Jeff Appel, deputy undersecretary of education, said Wednesday that the department would, in the future, calculate and publish PLUS loan default rates by college. He did not say whether colleges would be able to challenge the data underlying those default rates, as the department allows for the default rates on direct student loans.

“Our plan is to make that available on an ongoing basis, and we’re still working through what that process will be,” he said.

Federal law cuts off funding to institutions whose direct loan default rate is too high, but colleges are not held responsible for PLUS loan default rates.

Swinton said he opposed the department's plan to publish PLUS loan default rates because they are misleading. 
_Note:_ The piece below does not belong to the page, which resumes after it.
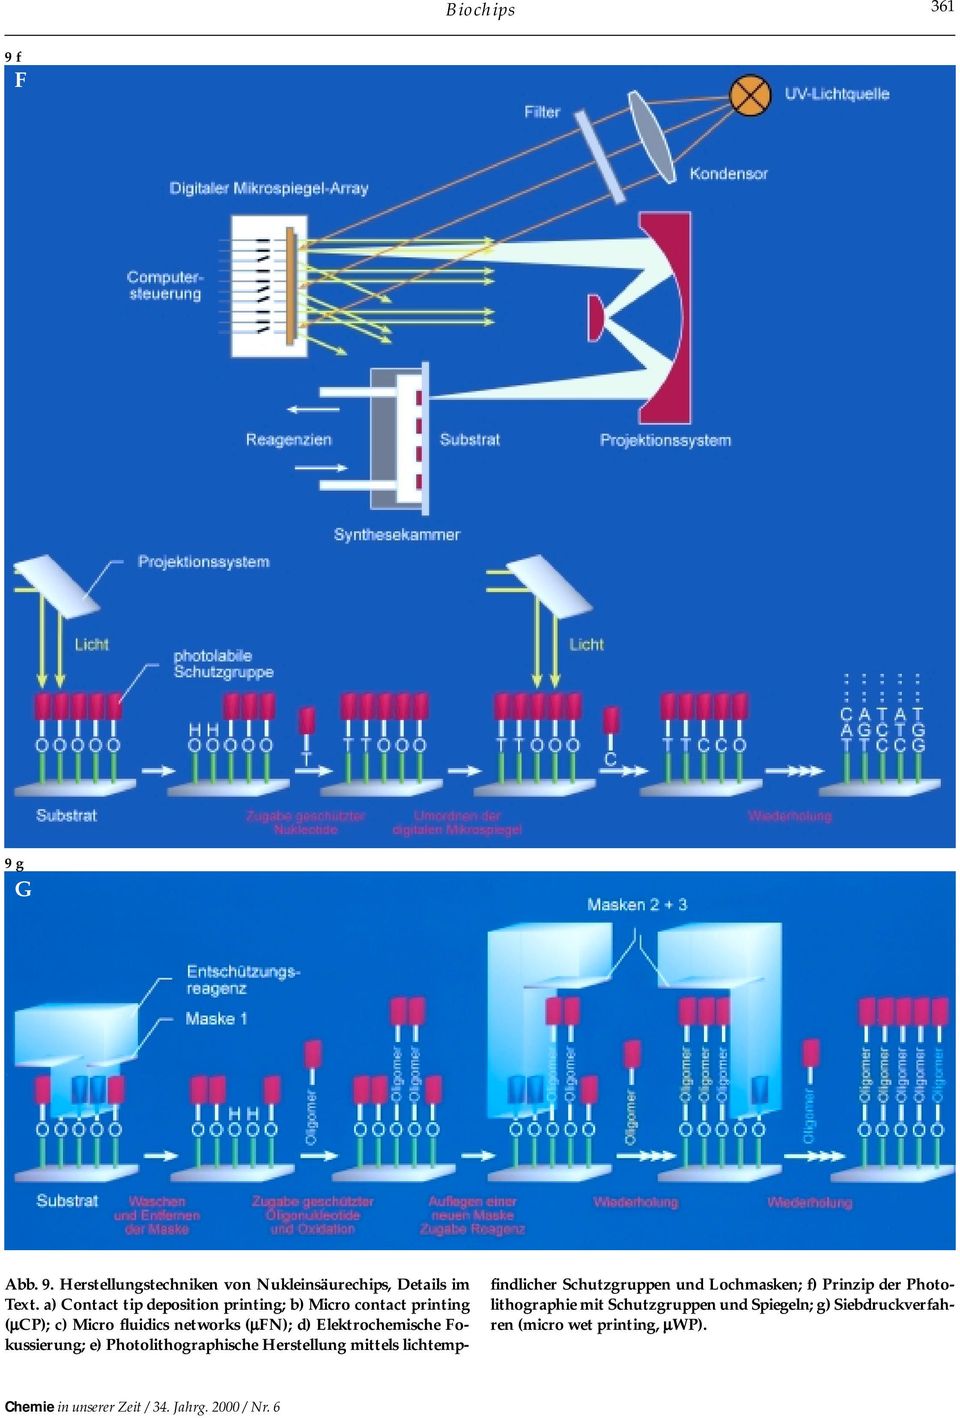 Elektrochemische Fokussierung; e) Photolithographische Herstellung mittels lichtempfindlicher Schutzgruppen

"We're hesitant about people publishing stuff that is not simple, not easy to interpret and is misleading," he said. 
 
"Publishing these default rates as if they are the fault of the school is not correct, nor is it equitable, nor is it fair," he add. "We've never had any responsibility to monitor parents for three years after students leave, to make sure they are repaying their loans."

Mixed Reaction to Changes

The credit standards for PLUS loans have been among the most contentious issues that the Education Department has faced over the past several years. Department officials have been inundated by requests and meetings from black college presidents and many of their supporters in Congress, who have railed against the department’s 2011 change to tighten the criteria.

Education Secretary Arne Duncan last year apologized to a conference of black college presidents for what he said was poor communication about the 2011 changes.

On Wednesday, Representative Chaka Fattah, a Pennsylvania Democrat who co-chairs the Congressional Black Caucus Education Task Force praised the new, relaxed standards on PLUS loans.

He said in a statement that the department's new regulation would "eliminate some of the financial barriers that have limited families from federal loan eligibility."

But in a sign of just how fraught the relationship between the administration and black college leaders has become over the PLUS loan issue, the Thurgood Marshall College Fund, which works with public black colleges, said Wednesday that it was “outraged” that the department was not moving quickly enough to put the looser standards in place

Johnny C. Taylor, the group’s president and chief executive officer, said that the Department of Education should make the changes effective immediately.

“The delayed implementation of [the Parent PLUS loan] regulations is as disturbing as the unlikely scenario of our government issuing a statement indicating they have a cure for Ebola and then announcing the cure will not be released until July 2015,” Taylor said in a statement. “While some may balk at the comparison of a potential global health epidemic to denied access to education for low- to middle-class students, the end result is the same – a national crisis.”

The Higher Education Act typically requires the Education Department to wait until the following July to implement new regulations that are published by November 1. However, the department said Wednesday would use its discretion to push up the timeline for putting the new standards into effect “as soon as possible.”

Shelton, the deputy secretary, said that would mean that the department would have the new standards in place “no later than the end of March 2015.” He told reporters that Taylor’s statement was “underinformed.”